Elle s'arrêta devant le château d'eau de la Samaritaine pour en regarder « l'industrieuse horloge » qui marquait non seulement les heures, mais les jours et les mois, et mettait en mouvement un carillon que son constructeur, en bon Flamand qu'il était, n'avait eu garde d'oublier.
Sur la façade de cette pompe monumentale fournissant de l'eau au Louvre et aux Tuileries, il y avait un bas-relief représentant la scène de l'Évangile où l'on voit la Samaritaine versant de l'eau à Jésus, près du puits de Jacob.
Angélique fit halte ensuite devant chaque boutique, devant le bimbelotier, le volailler, l'oiseleur, le marchand de jouets et de bilboquets, le vendeur d'encre et de couleurs, le montreur de marionnettes, le tondeur de chiens, le jongleur de gobelets. Elle aperçut Pain-Noir et ses coquilles, Mort-aux-Rats et sa rapière au triste gibier, et aussi la mère Hurlurette et le père Hurlurot, au coin de la Samaritaine.
Au milieu d'un cercle de badauds, le vieil aveugle raclait son crin-crin et la mégère braillait une romance sentimentale où il était question de pendus, de cadavres dont les corbeaux mangeaient les yeux, et de toutes sortes d'horreurs, que les gens écoutaient en penchant la tête et en s'essuyant les yeux. Les pendaisons et les processions, c'étaient les bons spectacles du petit peuple de Paris, des spectacles qui ne coûtaient pas cher et où l'on sentait profondément qu'on avait un corps et une âme.

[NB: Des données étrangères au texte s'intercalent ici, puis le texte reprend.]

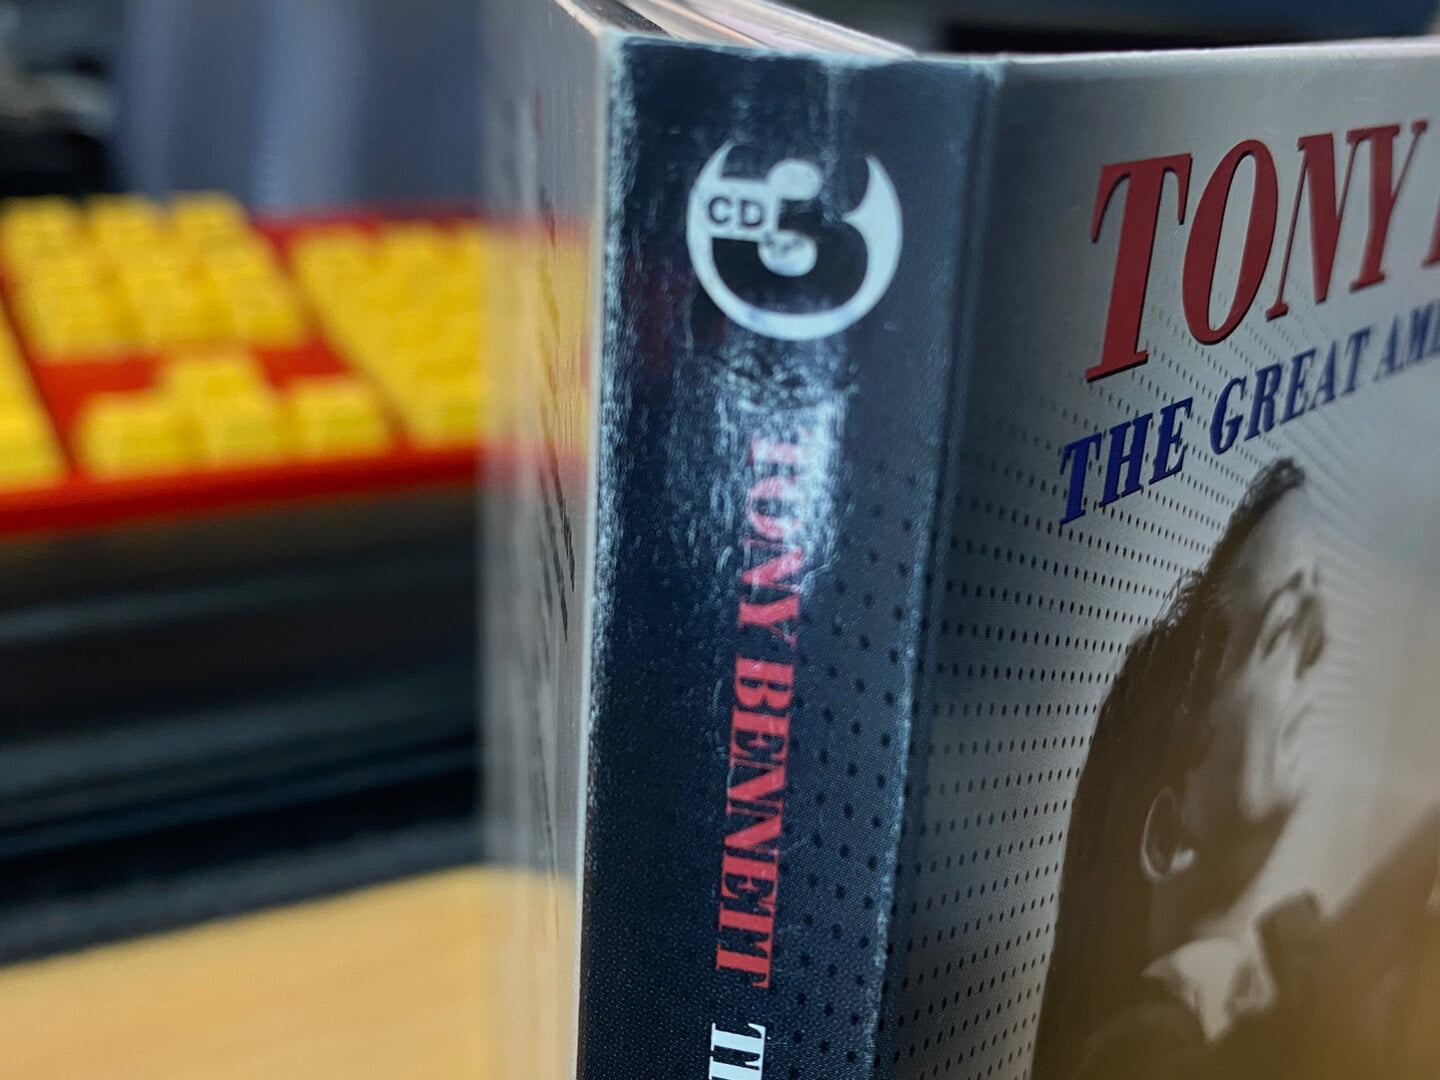 토니 베넷 - Tony Bennett - The Great American Songbook 3Cds [디지팩] [E.U발매]

La mère Hurlurette poussait sa « goualante » avec une grande conviction :
Écoutez tous ma harangue !
Quand je m'en irai
À l'abbaye de Monte-à-Regret,
Pour vous je prierai
En tirant la langue.
On voyait jusqu'au fond de sa bouche édentée. Une larme coulait de son œil et se perdait dans ses rides. Elle était effrayante, admirable.
Lorsqu'elle eut terminé sa chanson sur un suprême trémolo, elle mouilla son large pouce et commença à distribuer des feuillets dont elle portait une liasse sous le bras, en criant :
– Qui n'a pas son pendu ?
Arrivée près d'Angélique, elle poussa un cri de joie.
– Hé, Hurlurot, v'là la môme ! Tu parles si ton homme nous fait une sérénade depuis ce matin ! Il dit que le maudit chien t'a étranglée. Il parle de faire courir sus au Châtelet tous les gueux et tous les bancroches de Paris. Et la marquise, elle, se promène sur le Pont-Neuf !...
– Pourquoi pas ? protesta Angélique, hautaine. Vous vous y promenez bien, vous !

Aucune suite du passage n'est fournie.